MySql DataTime/TimeStamp fields and Scala

In one of my work projects we use Play Framework on Scala to provide an API (how surprising ;-). For quite some time I was hunting after lots of milliseconds, time the API answer was just terrible late compared to hammering directly at the MySql server. It turned out to be a problem of interaction between MySql DateTime format and Scala.

It sounded like to nice an idea to save our traffic data in a MySql database with the timestamp saved in a DateTime or Timestamp column. Display in the Mysql Workbench looks nice and easily readable. But somehow our API server’s response was horribly slow, especially when there were several requests. Hours and hours of tuning of SQL code, trying to turning of sorting, adding extra indices, nothing of all that to any avail.
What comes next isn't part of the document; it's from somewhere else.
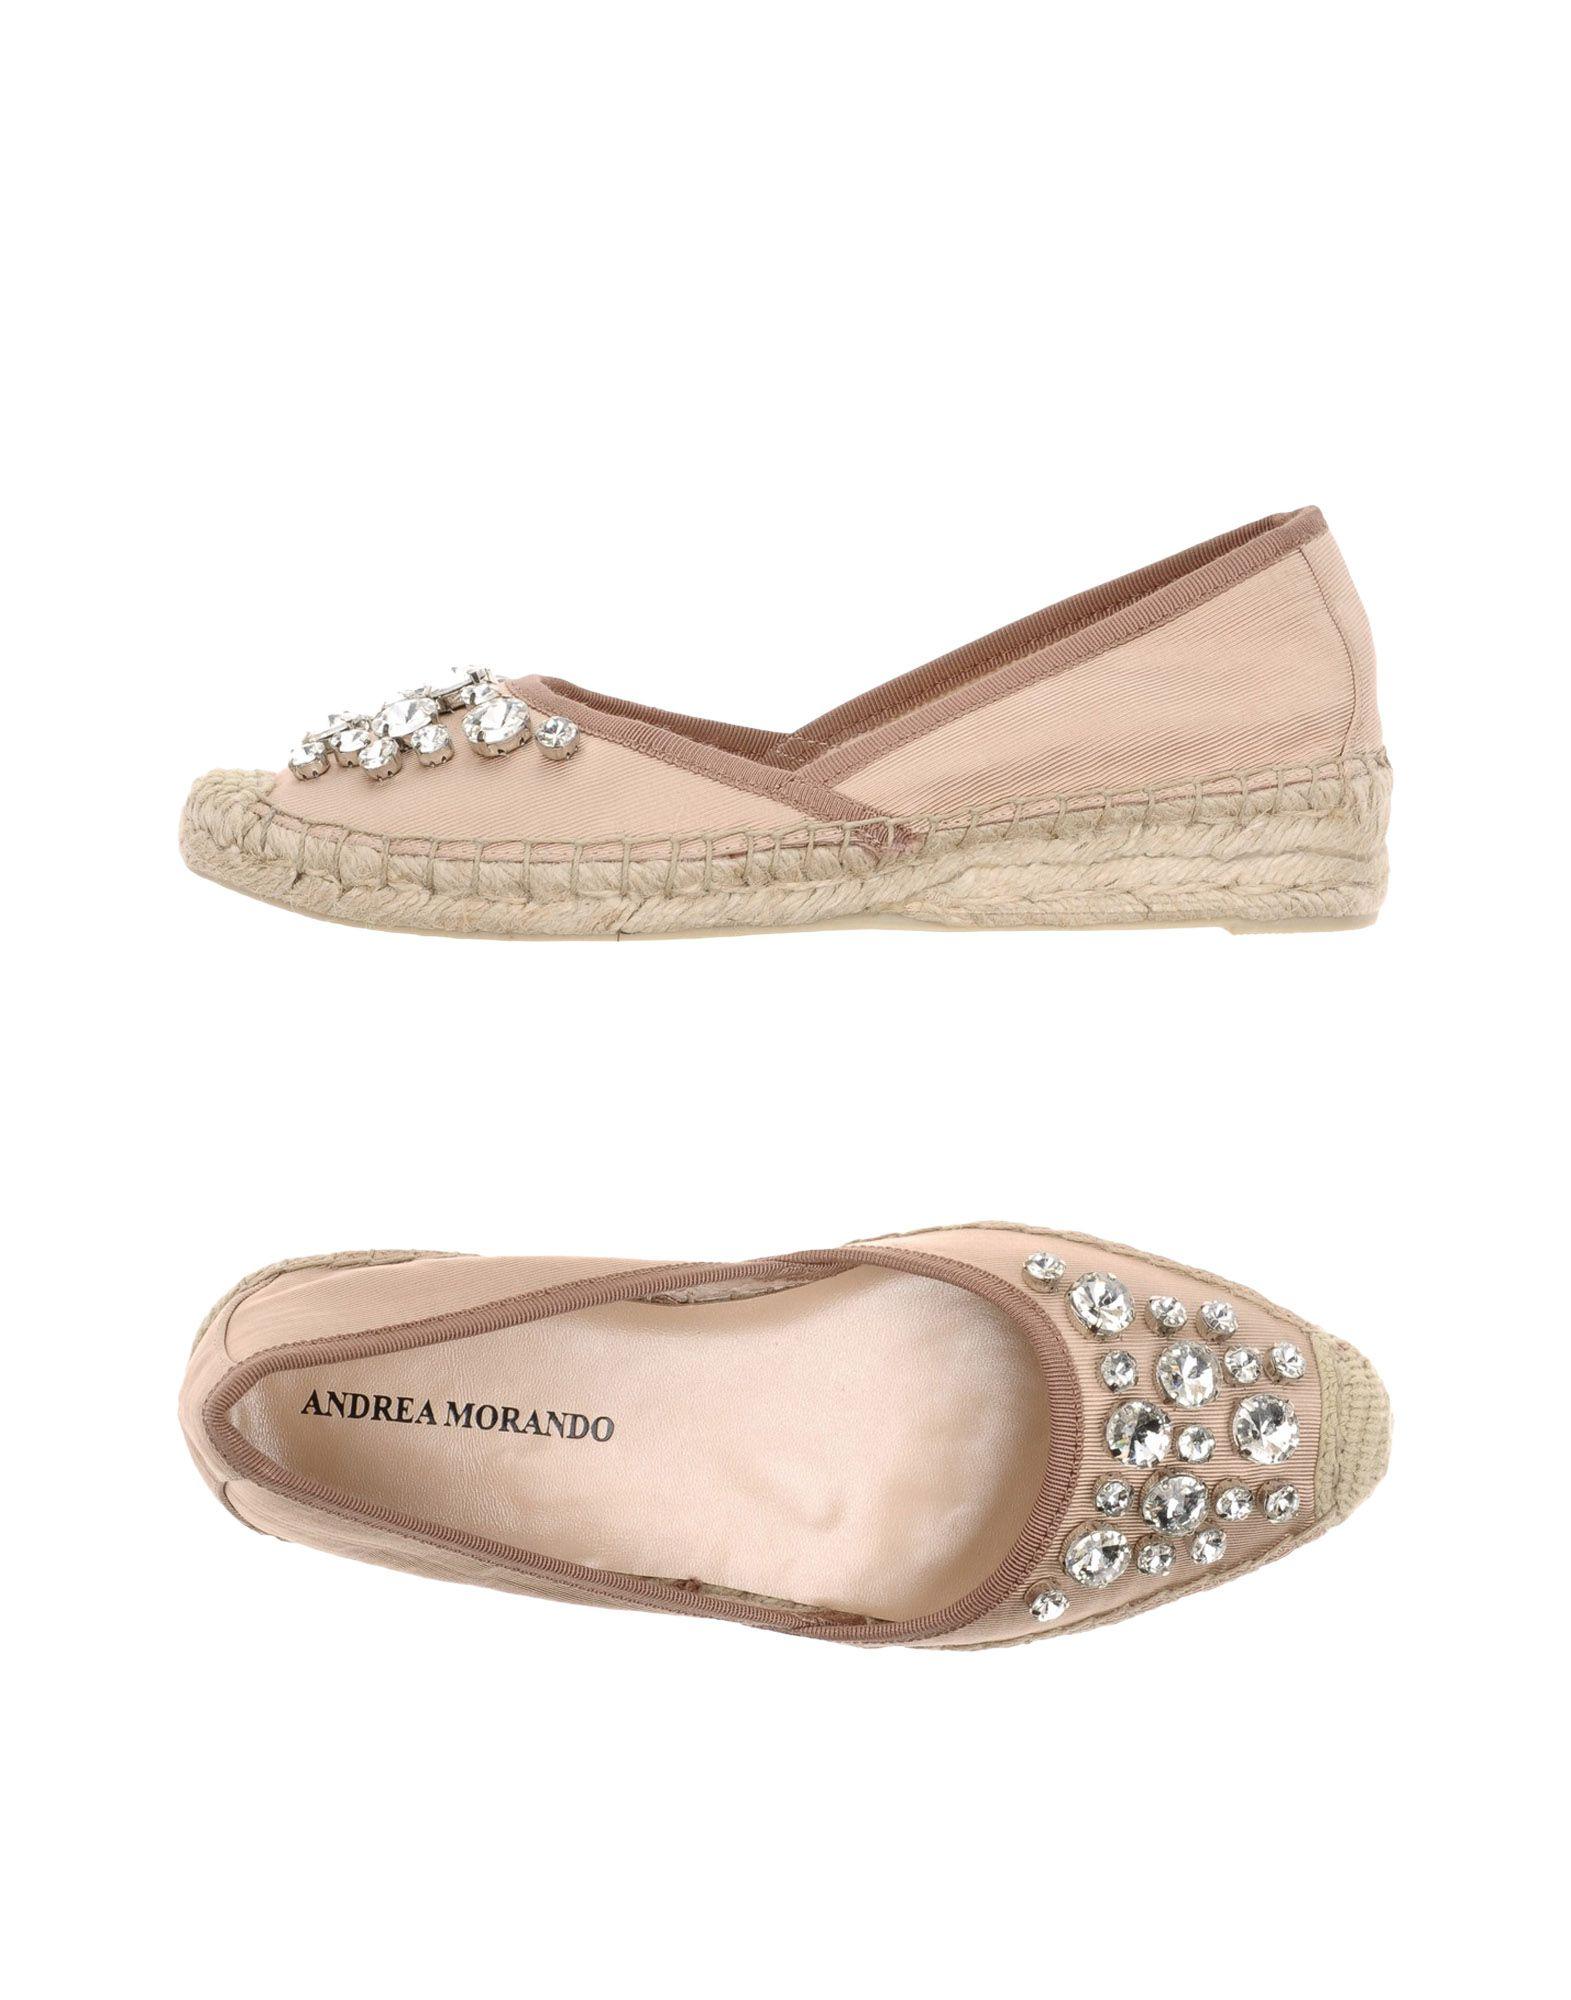 Andrea Morando Morando Andrea Espadrilles Damen  11363766AH Gute Qualität beliebte Schuhe af97d0

The solution was rather trivial, the actual time lost is not in the SQL part, nor in the processing in our Scala code, but in the conversion from MySql DateTime/Timestamp object to Scala/Java Timestamp. We are using ActiveRecord for Scala, a very nice and convenient library, which converts MySql DateTime/Timestamps to Scala/Java Timestamps. But this conversion seems, especially for a large number of entries, to become rather slow. With months of traffic data and hundreds of thousands of timestamps to convert, the API collapsed to unacceptable response times.

Converting the whole pipeline (from data producer to database and api) to use plain simple Long boosted the API performance considerably. Lesson learned, don’t use MySql DateTime/Timestamp if you need lots of conversions.